» Stored data
------
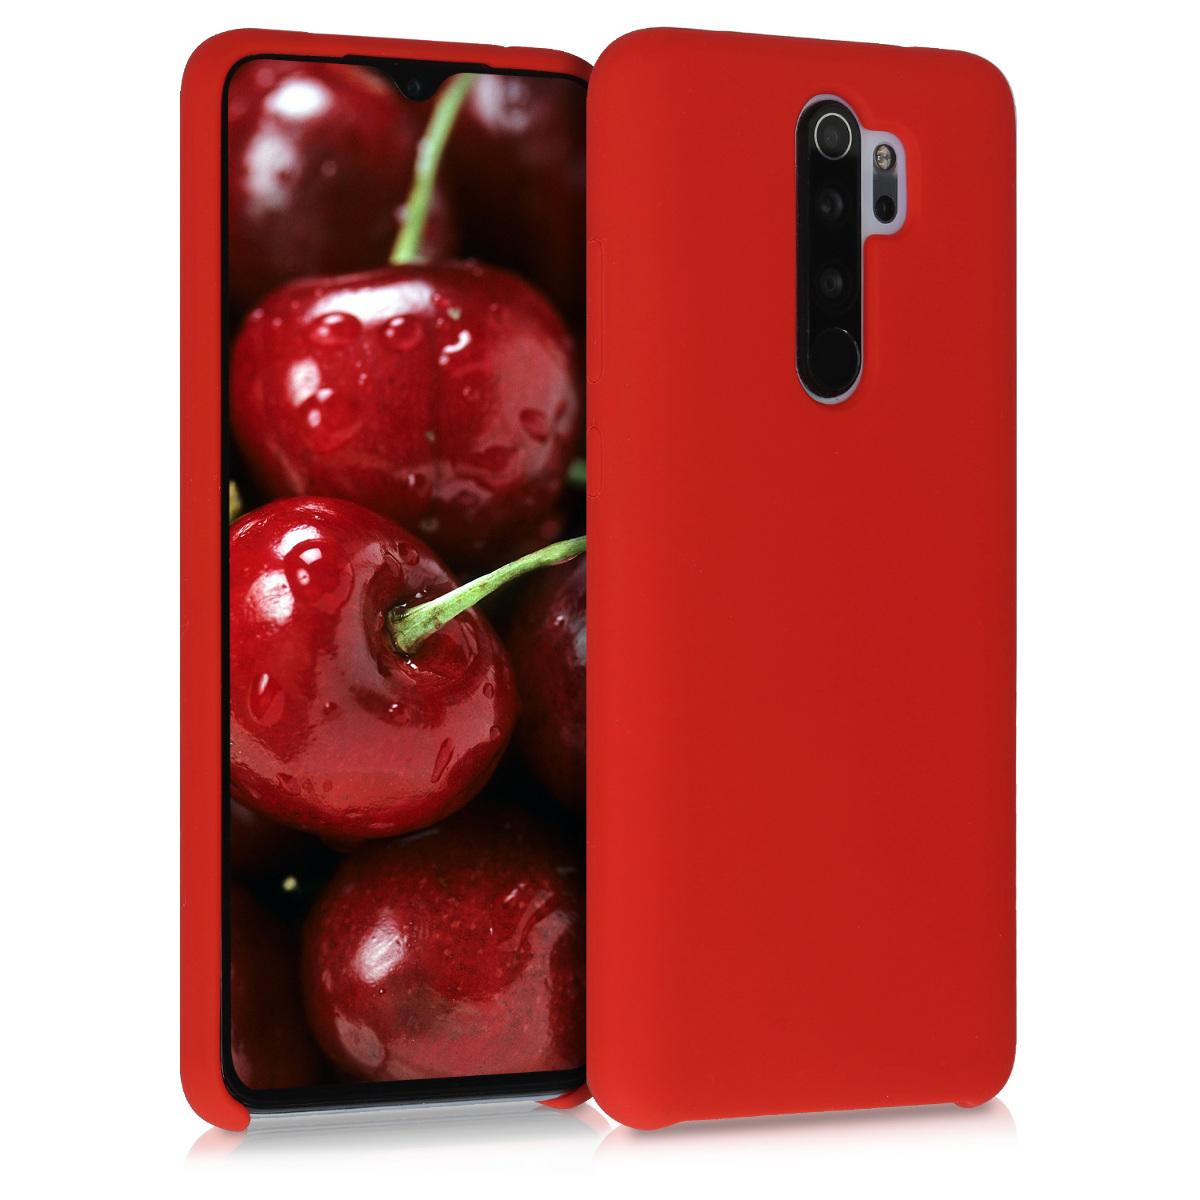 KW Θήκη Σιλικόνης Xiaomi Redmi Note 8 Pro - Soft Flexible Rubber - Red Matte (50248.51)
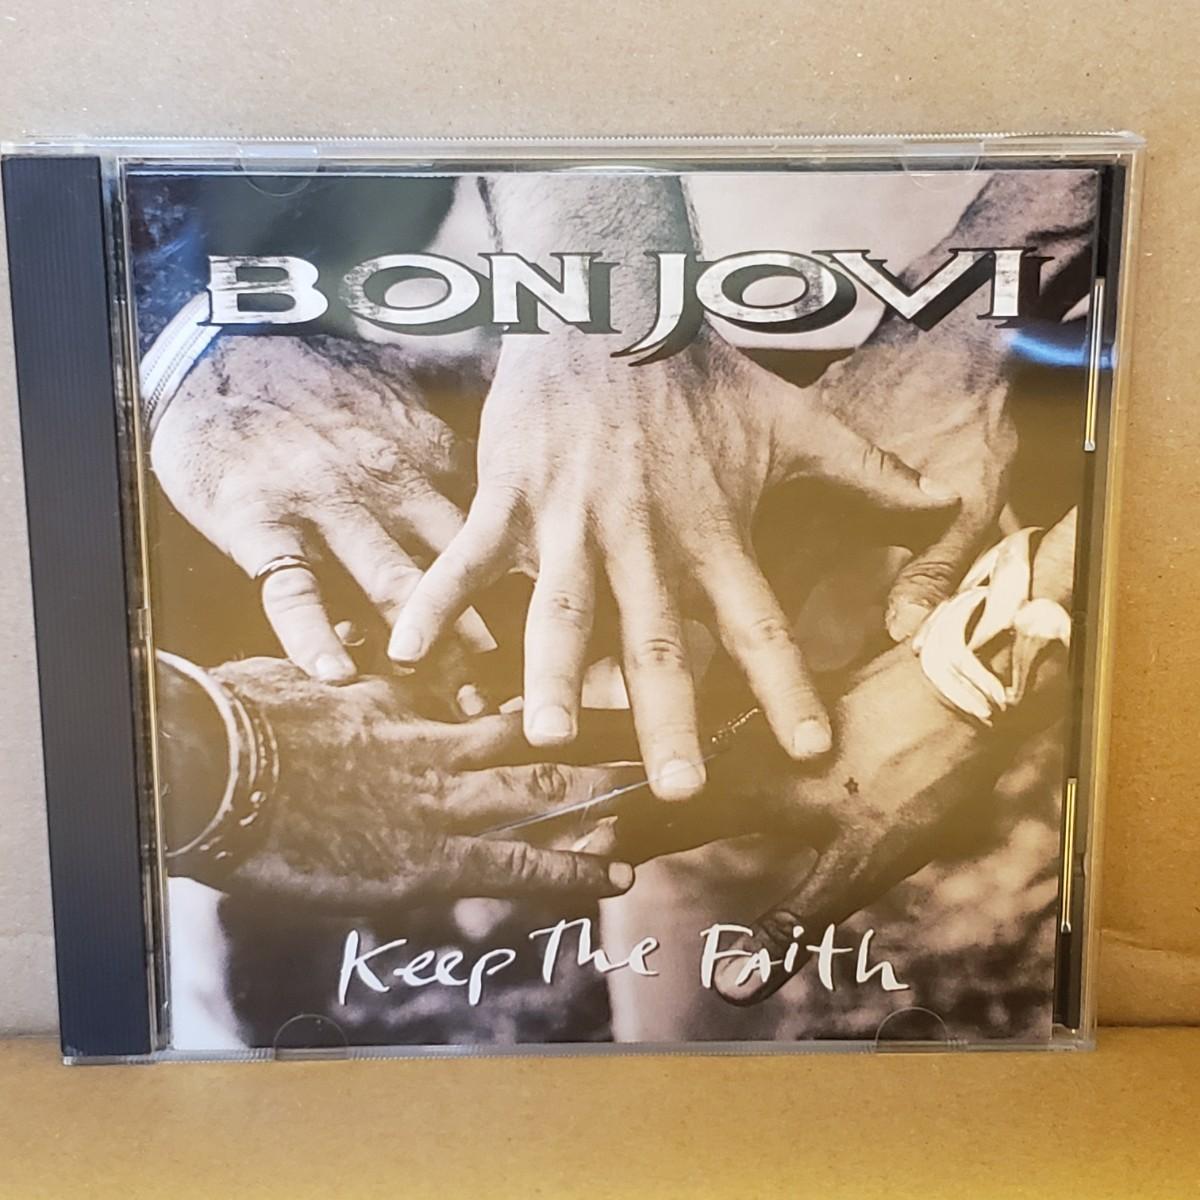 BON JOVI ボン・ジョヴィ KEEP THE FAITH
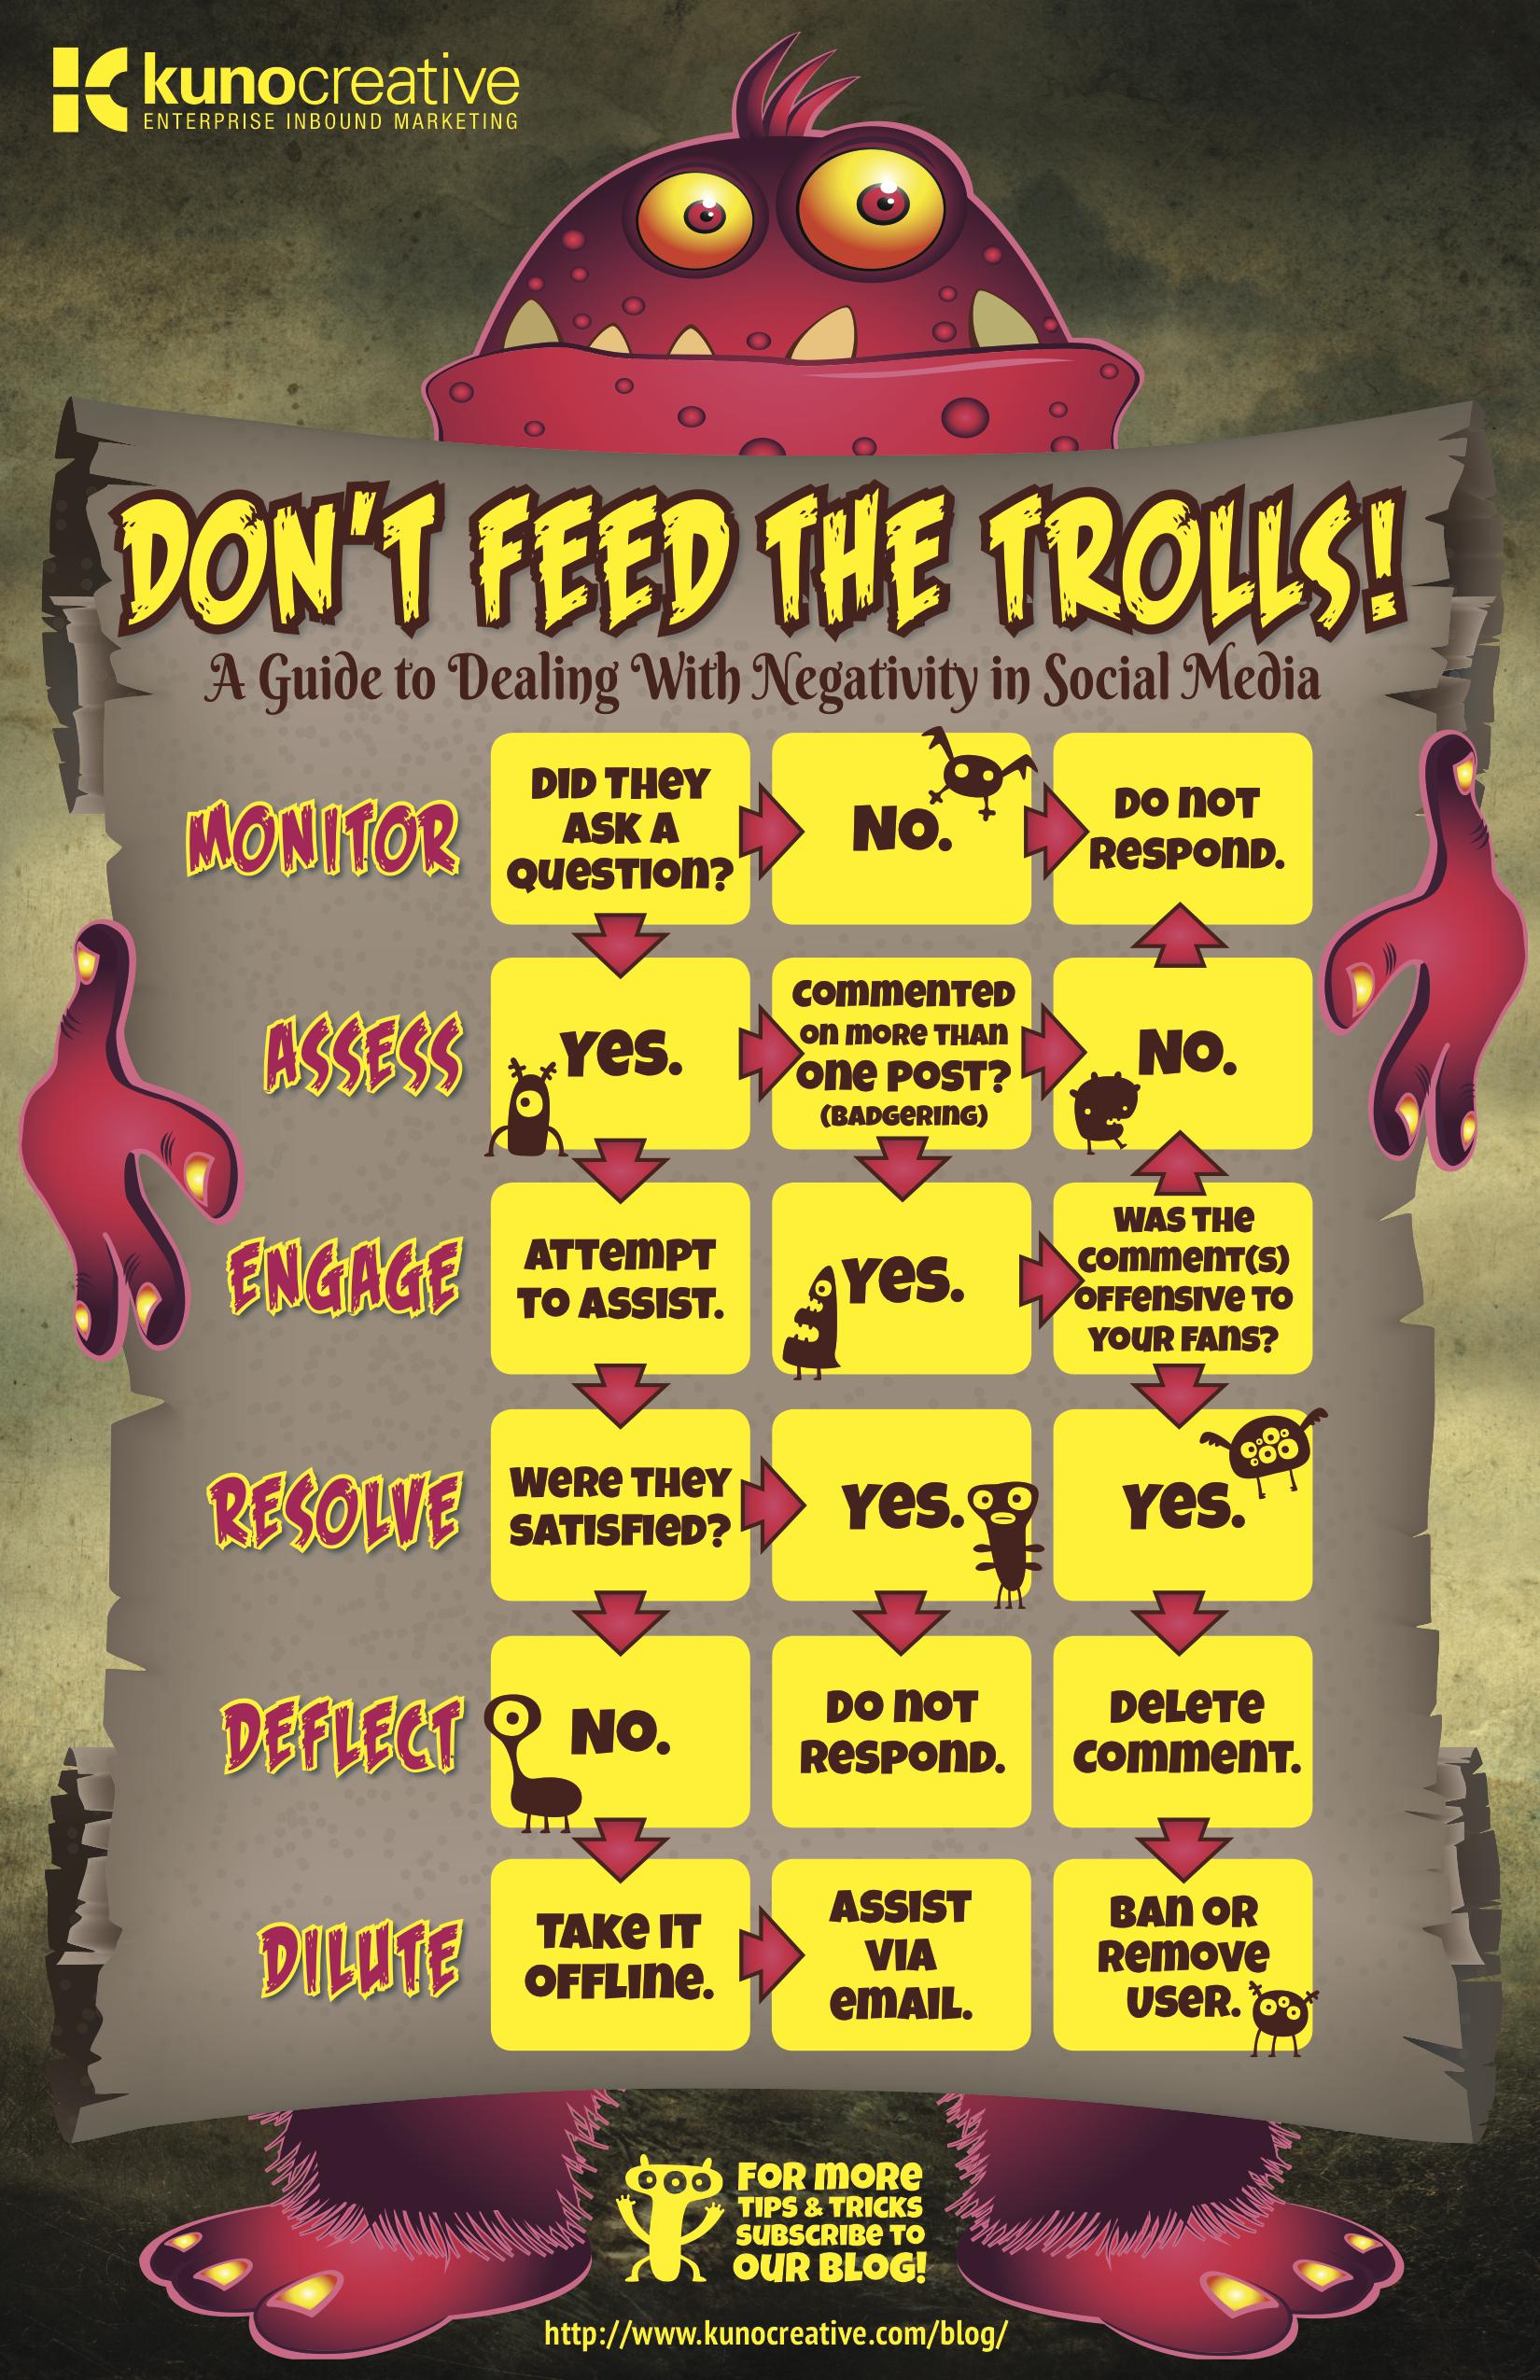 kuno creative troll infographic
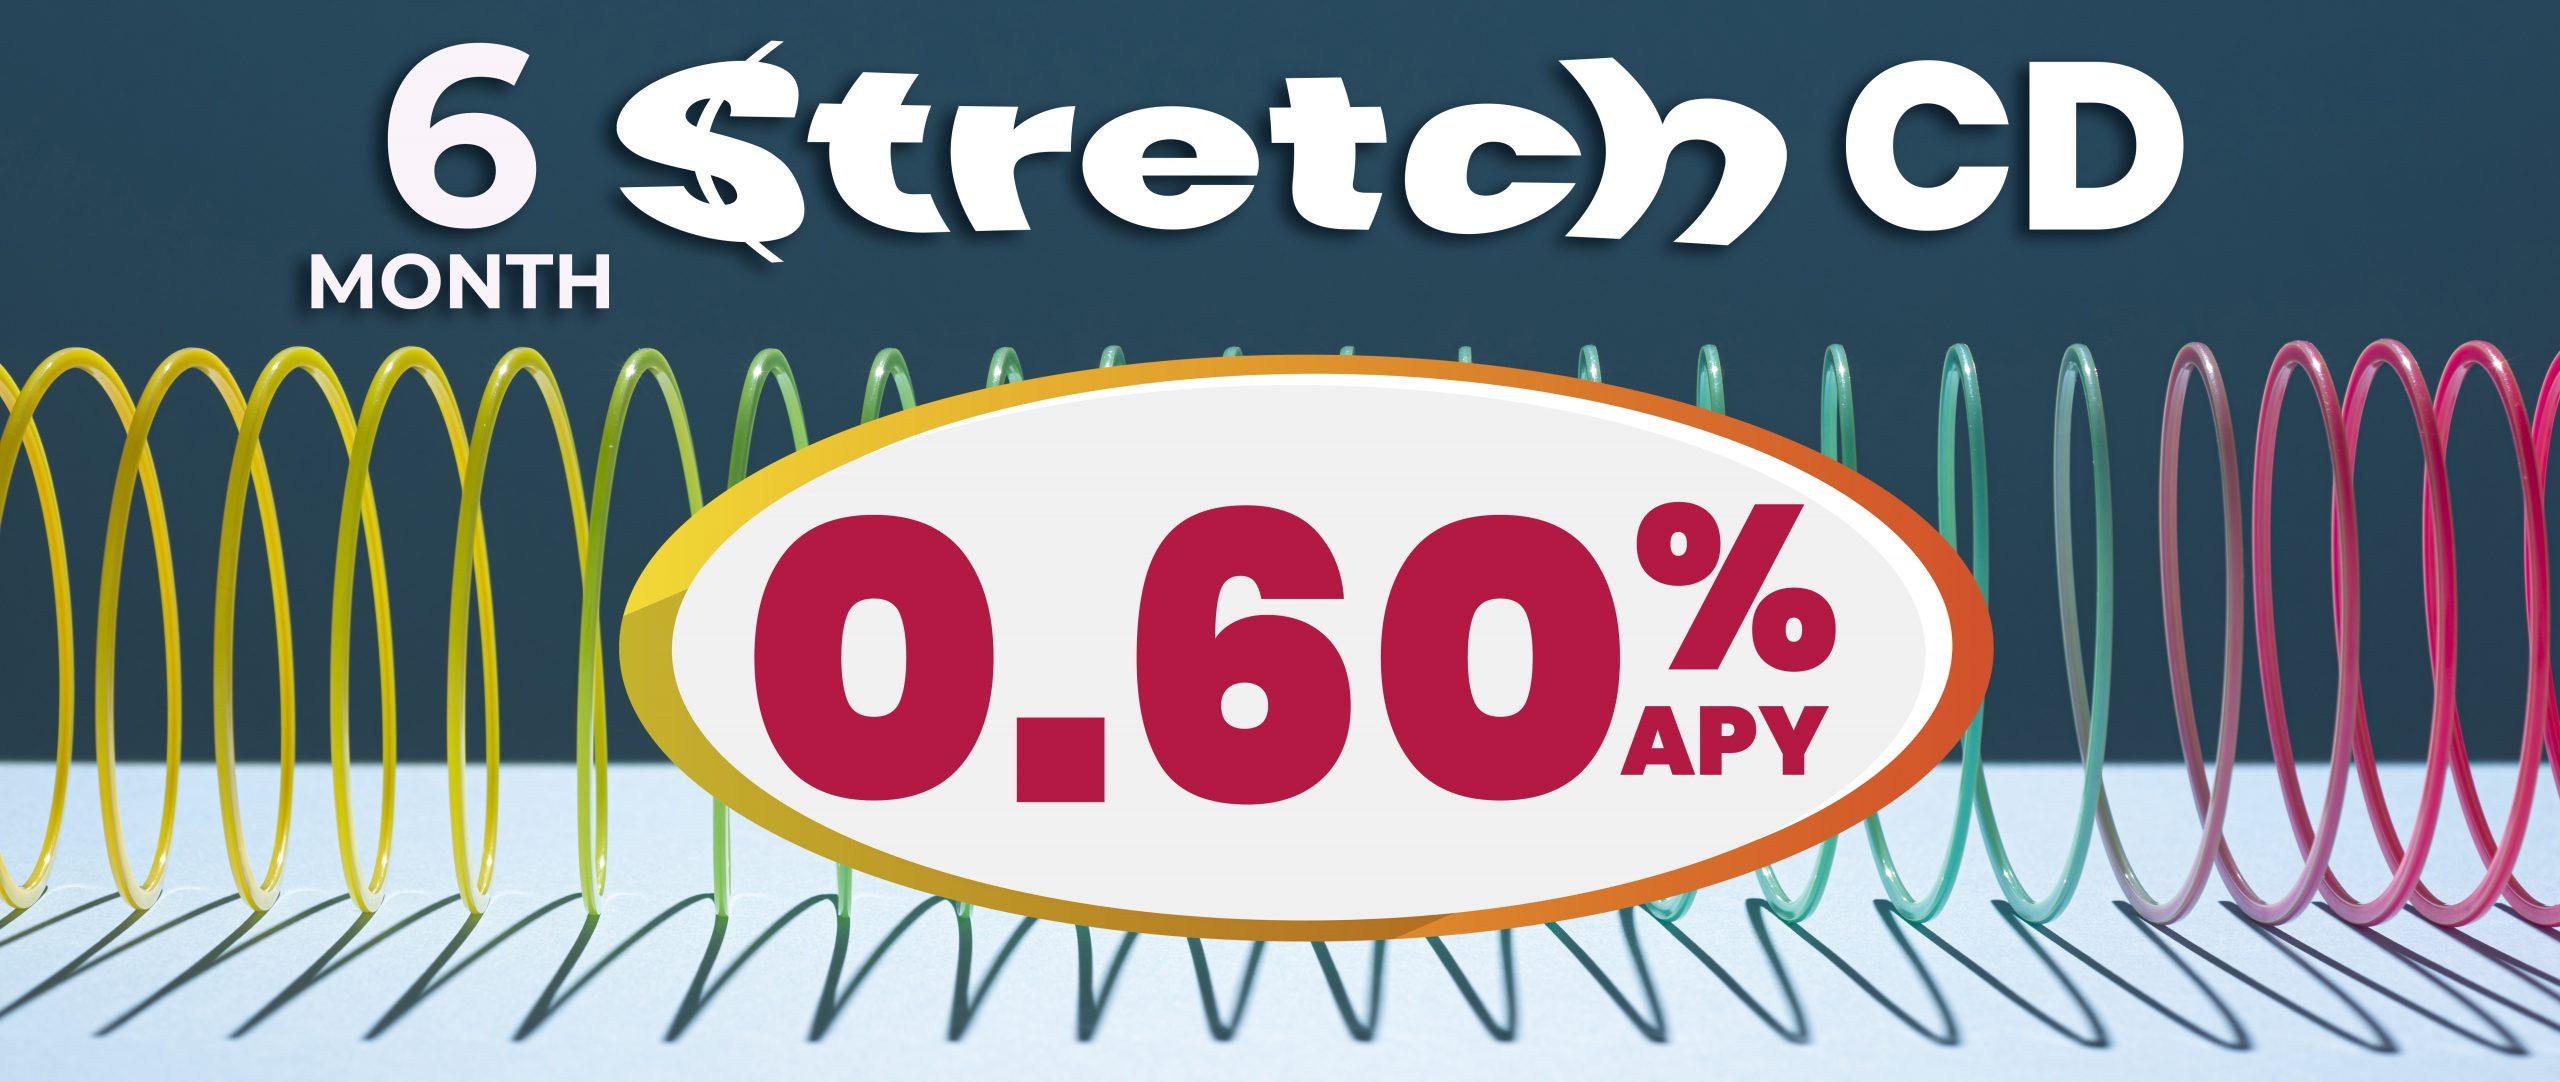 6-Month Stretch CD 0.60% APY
------
» What to work on
Repeat the material above word for word, please, apart from its images.

» Output
 KW Θήκη Σιλικόνης Xiaomi Redmi Note 8 Pro - Soft Flexible Rubber - Red Matte (50248.51)
 BON JOVI ボン・ジョヴィ KEEP THE FAITH
 kuno creative troll infographic
 6-Month Stretch CD 0.60% APY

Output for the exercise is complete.